Statistical analyses
MR analysis to estimate the effects of the adverse events during pregnancy on the congenital malformation
Two-Sample MR was utilized to estimate the effect of adverse events during pregnancy on congenital malformations. The Inverse Variance Weighted (IVW) method served as the primary analysis technique, offering the most precise and powerful estimates assuming all genetic variants are valid instruments. To comprehensively evaluate potential relationships, additional robust methods were employed, including MR-Egger, weighted median, weighted mode, and simple mode.
MR-Egger regression, which is typically used to detect publication bias in meta-analyses, was also applied to assess directional pleiotropy among different genetic variants [16]. This study utilized the MR-Egger intercept approach to detect horizontal pleiotropy [17]. Should horizontal pleiotropy be detected, outliers were removed, and the IVW method was reapplied to aggregate the effect sizes of each SNP.
Mediation MR analysis linking the adverse events during pregnancy with congenital malformation via circulating metabolites
Two-step MR was utilized to estimate the mediation effect of circulating metabolites on the relationship between adverse events during pregnancy and congenital malformations. Initially, the impact of adverse events during pregnancy on 168 metabolites was quantified, denoted as (βexp-med). Subsequently, the analysis assessed the influence of circulating metabolites—those that exhibited statistically significant associations with adverse events during pregnancy—on the congenital malformations, represented as (βmed-out).

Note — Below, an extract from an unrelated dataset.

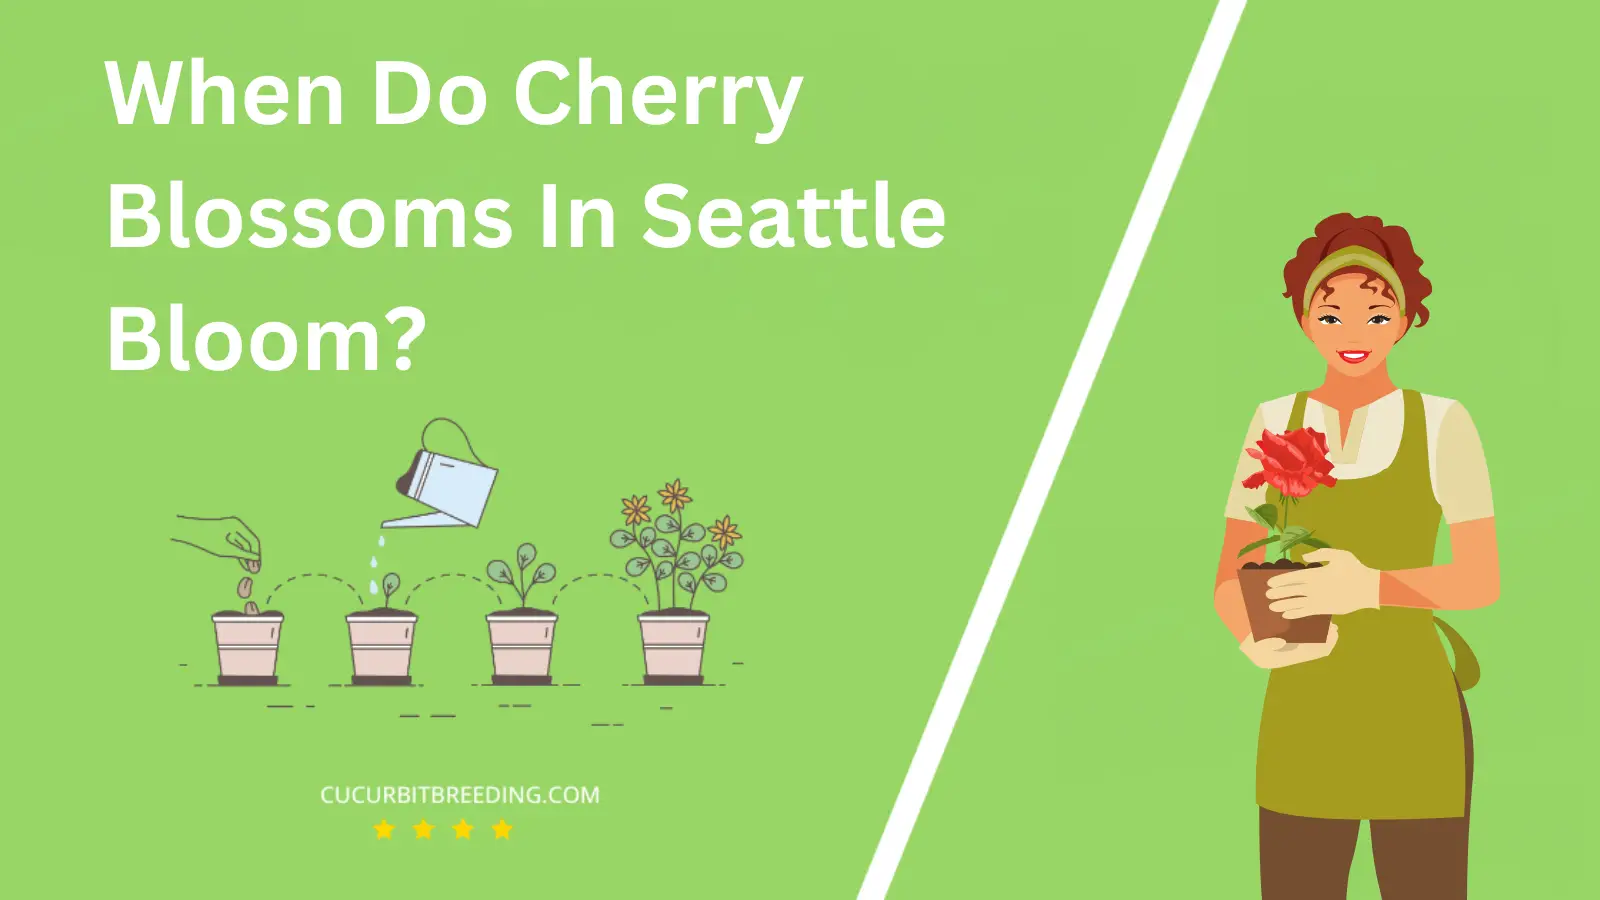 When Do Cherry Blossoms In Seattle Bloom?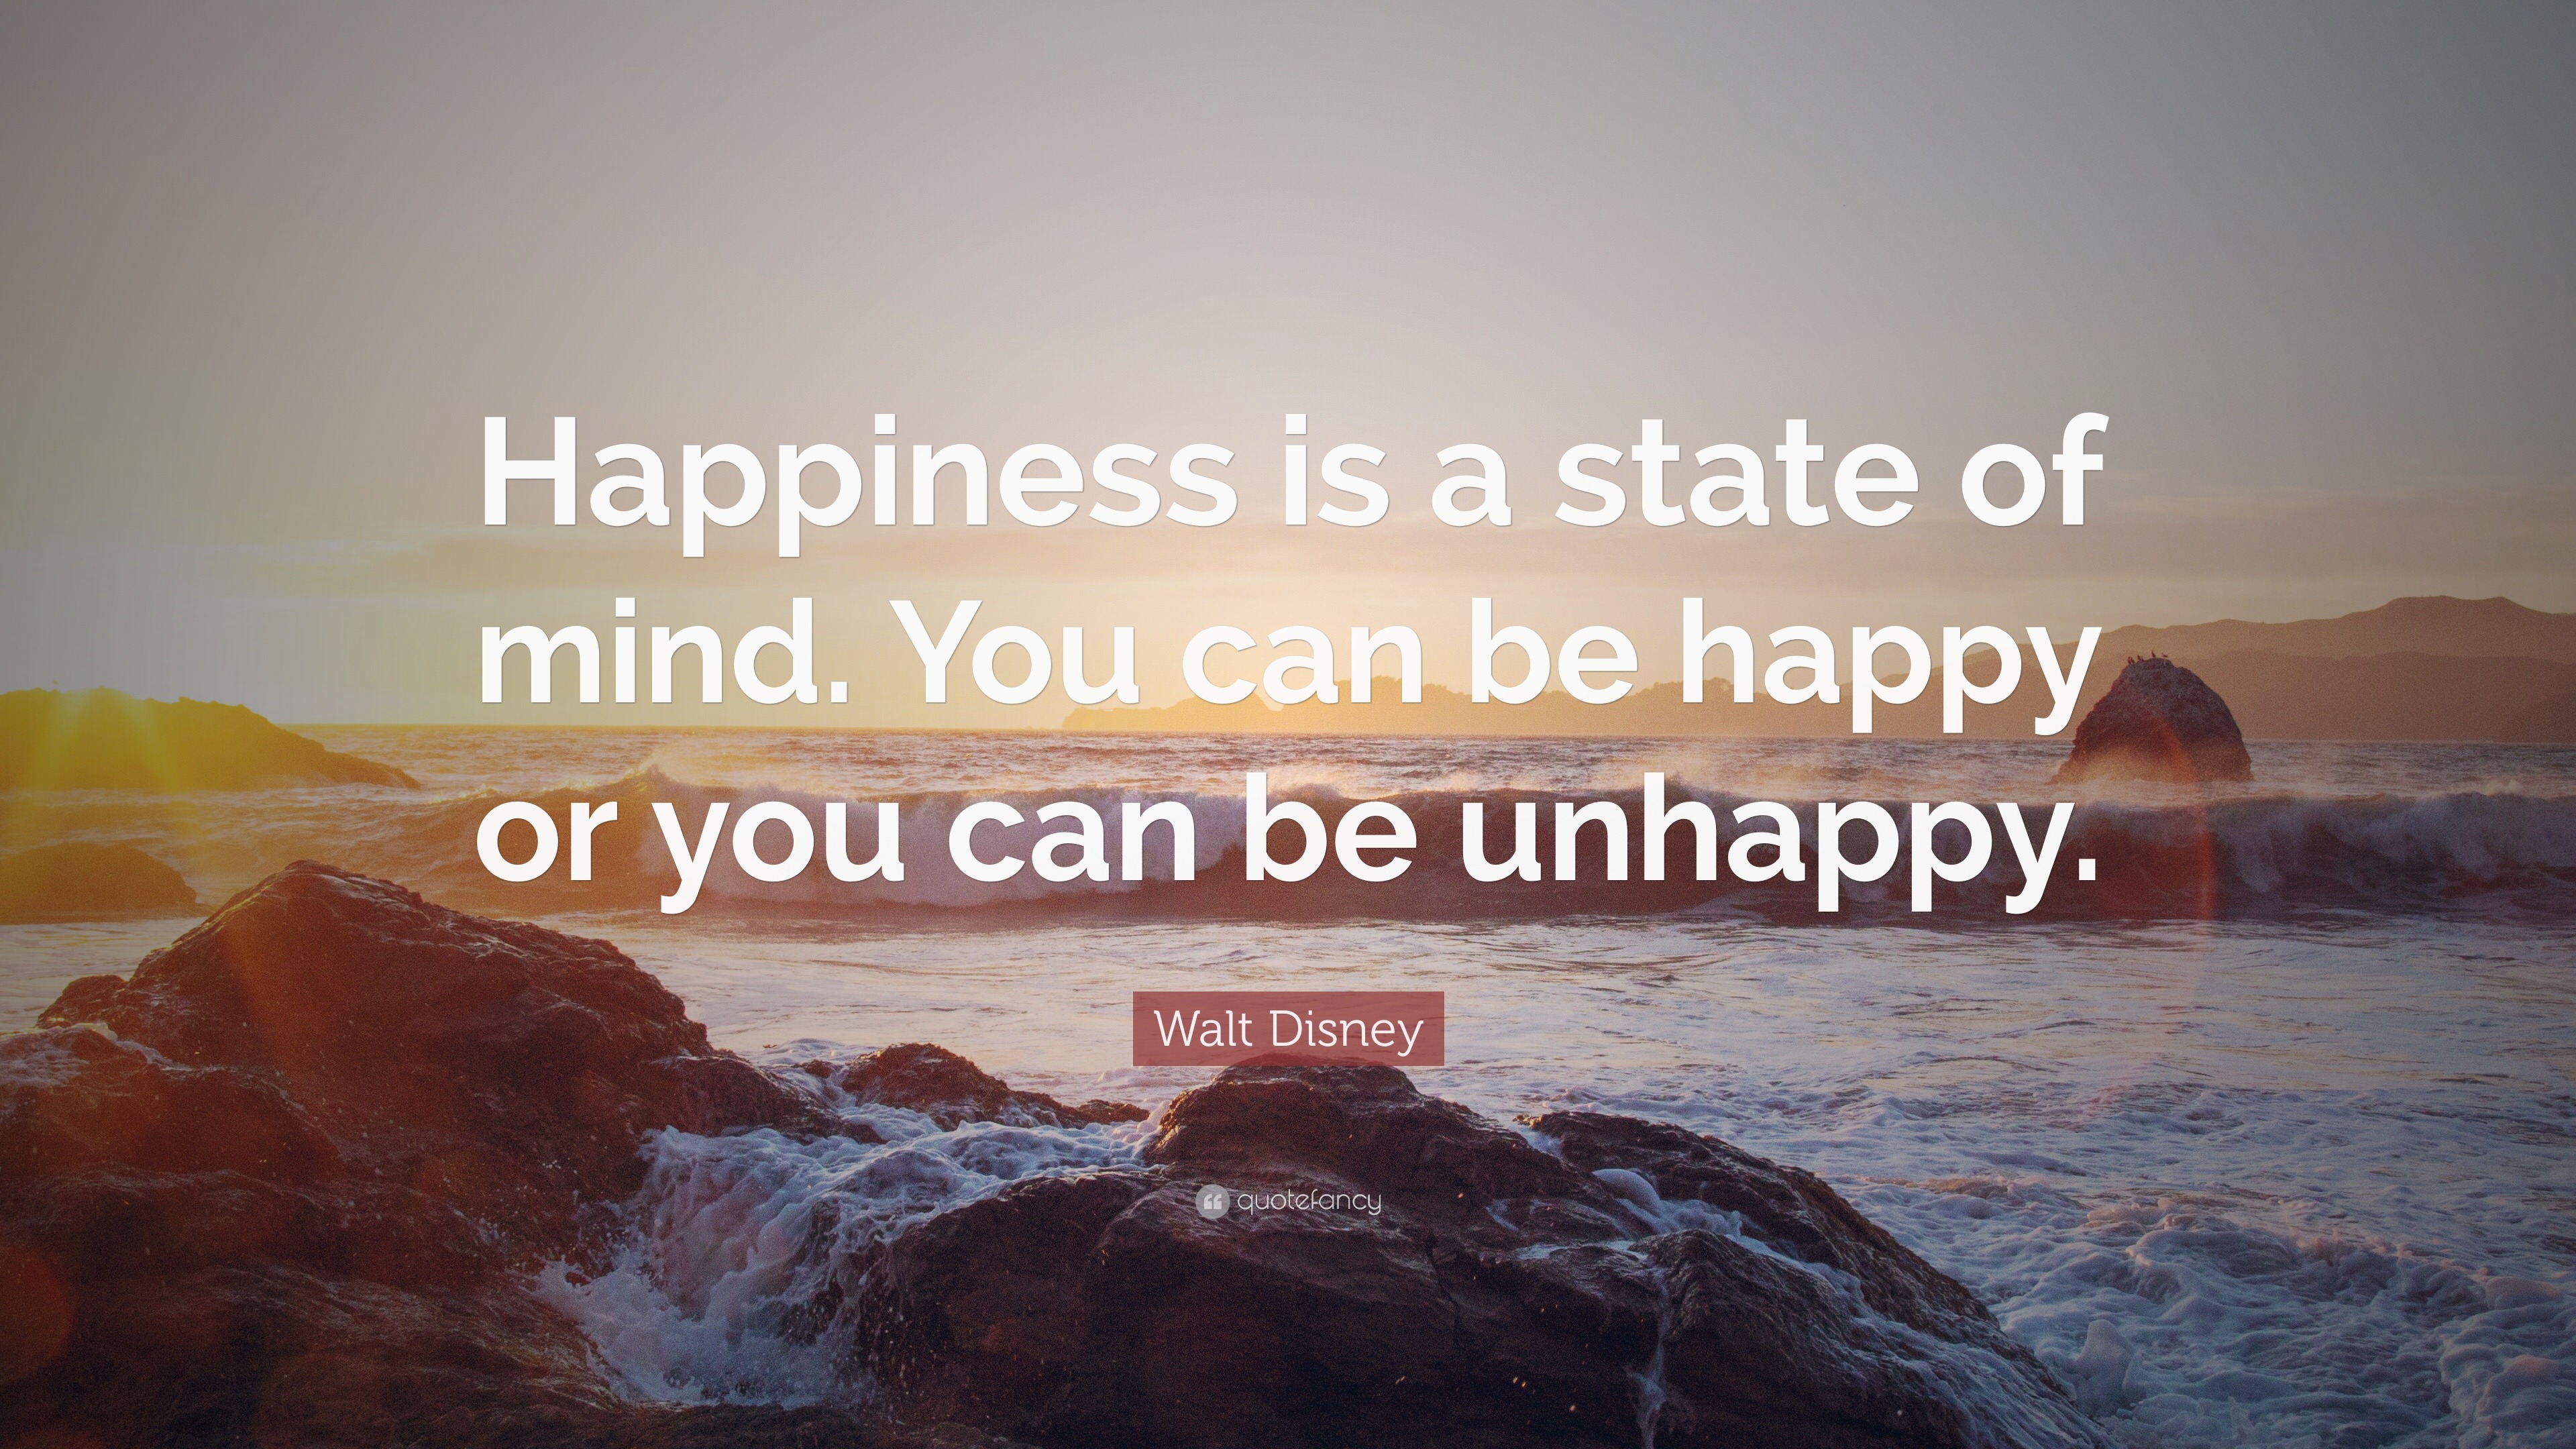  Walt  Disney  Quote  Happiness is a state of mind You can

The indirect effect of the exposure (adverse events during pregnancy) on the outcome (congenital malformations) mediated through metabolites was calculated as the product of βexp-med and βmed-out:
$${beta }_{indirect}={beta }_{exp-med}*{beta }_{med-out}$$
Furthermore, the direct effect of the exposure on the outcome, specifically refers to the component of the exposure’s effect on the outcome that is independent of the proposed mediator—the circulating metabolites, was computed using the equation:
$${beta }_{direct}={beta }_{exp-out}-{beta }_{indirect}$$
Sensitivity analysis
In the analysis assessing the impact of adverse events during pregnancy on congenital malformations, several sensitivity analysis methods were employed to ensure the robustness of the findings. These included the MR-Egger, MR-PRESSO, weighted median, simple mode, and weighted mode methods. Additionally, MR-Egger regression was utilized to evaluate potential biases arising from gene pleiotropy, with the intercept serving as an indicator of such bias. To further quantify the heterogeneity among SNPs, Cochrane’s Q statistic was applied both for the IVW method and the MR-Egger approach.